The input:
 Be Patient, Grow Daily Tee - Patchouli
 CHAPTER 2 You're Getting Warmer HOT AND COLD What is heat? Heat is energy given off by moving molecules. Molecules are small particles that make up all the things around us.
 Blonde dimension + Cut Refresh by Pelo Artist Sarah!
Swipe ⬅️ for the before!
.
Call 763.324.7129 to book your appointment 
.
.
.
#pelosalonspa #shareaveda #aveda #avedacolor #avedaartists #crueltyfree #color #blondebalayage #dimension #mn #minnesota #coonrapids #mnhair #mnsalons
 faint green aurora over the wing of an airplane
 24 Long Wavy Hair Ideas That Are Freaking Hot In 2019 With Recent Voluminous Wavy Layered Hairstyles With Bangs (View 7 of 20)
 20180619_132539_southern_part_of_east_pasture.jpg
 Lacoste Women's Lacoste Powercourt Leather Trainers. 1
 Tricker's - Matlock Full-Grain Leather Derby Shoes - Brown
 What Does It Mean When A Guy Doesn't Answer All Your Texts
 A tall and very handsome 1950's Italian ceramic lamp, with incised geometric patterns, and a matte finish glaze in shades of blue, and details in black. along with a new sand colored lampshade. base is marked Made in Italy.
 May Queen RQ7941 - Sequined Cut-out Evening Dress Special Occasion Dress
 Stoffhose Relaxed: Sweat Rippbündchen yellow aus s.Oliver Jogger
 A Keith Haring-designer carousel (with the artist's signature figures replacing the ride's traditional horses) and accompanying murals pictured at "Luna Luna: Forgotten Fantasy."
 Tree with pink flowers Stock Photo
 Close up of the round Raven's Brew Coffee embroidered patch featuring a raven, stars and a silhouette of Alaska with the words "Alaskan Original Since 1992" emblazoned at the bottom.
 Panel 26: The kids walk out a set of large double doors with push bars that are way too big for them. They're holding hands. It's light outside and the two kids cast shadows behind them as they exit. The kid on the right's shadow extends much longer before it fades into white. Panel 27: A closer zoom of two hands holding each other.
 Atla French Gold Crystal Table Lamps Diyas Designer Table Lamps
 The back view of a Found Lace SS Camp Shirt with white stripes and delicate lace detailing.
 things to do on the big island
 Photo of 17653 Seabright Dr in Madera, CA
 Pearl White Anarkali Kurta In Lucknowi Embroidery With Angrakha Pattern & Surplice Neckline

Task objective: What you return should match the listing above exactly.

Solution to the exercise:
 Be Patient, Grow Daily Tee - Patchouli
 CHAPTER 2 You're Getting Warmer HOT AND COLD What is heat? Heat is energy given off by moving molecules. Molecules are small particles that make up all the things around us.
 Blonde dimension + Cut Refresh by Pelo Artist Sarah!
Swipe ⬅️ for the before!
.
Call 763.324.7129 to book your appointment 
.
.
.
#pelosalonspa #shareaveda #aveda #avedacolor #avedaartists #crueltyfree #color #blondebalayage #dimension #mn #minnesota #coonrapids #mnhair #mnsalons
 faint green aurora over the wing of an airplane
 24 Long Wavy Hair Ideas That Are Freaking Hot In 2019 With Recent Voluminous Wavy Layered Hairstyles With Bangs (View 7 of 20)
 20180619_132539_southern_part_of_east_pasture.jpg
 Lacoste Women's Lacoste Powercourt Leather Trainers. 1
 Tricker's - Matlock Full-Grain Leather Derby Shoes - Brown
 What Does It Mean When A Guy Doesn't Answer All Your Texts
 A tall and very handsome 1950's Italian ceramic lamp, with incised geometric patterns, and a matte finish glaze in shades of blue, and details in black. along with a new sand colored lampshade. base is marked Made in Italy.
 May Queen RQ7941 - Sequined Cut-out Evening Dress Special Occasion Dress
 Stoffhose Relaxed: Sweat Rippbündchen yellow aus s.Oliver Jogger
 A Keith Haring-designer carousel (with the artist's signature figures replacing the ride's traditional horses) and accompanying murals pictured at "Luna Luna: Forgotten Fantasy."
 Tree with pink flowers Stock Photo
 Close up of the round Raven's Brew Coffee embroidered patch featuring a raven, stars and a silhouette of Alaska with the words "Alaskan Original Since 1992" emblazoned at the bottom.
 Panel 26: The kids walk out a set of large double doors with push bars that are way too big for them. They're holding hands. It's light outside and the two kids cast shadows behind them as they exit. The kid on the right's shadow extends much longer before it fades into white. Panel 27: A closer zoom of two hands holding each other.
 Atla French Gold Crystal Table Lamps Diyas Designer Table Lamps
 The back view of a Found Lace SS Camp Shirt with white stripes and delicate lace detailing.
 things to do on the big island
 Photo of 17653 Seabright Dr in Madera, CA
 Pearl White Anarkali Kurta In Lucknowi Embroidery With Angrakha Pattern & Surplice Neckline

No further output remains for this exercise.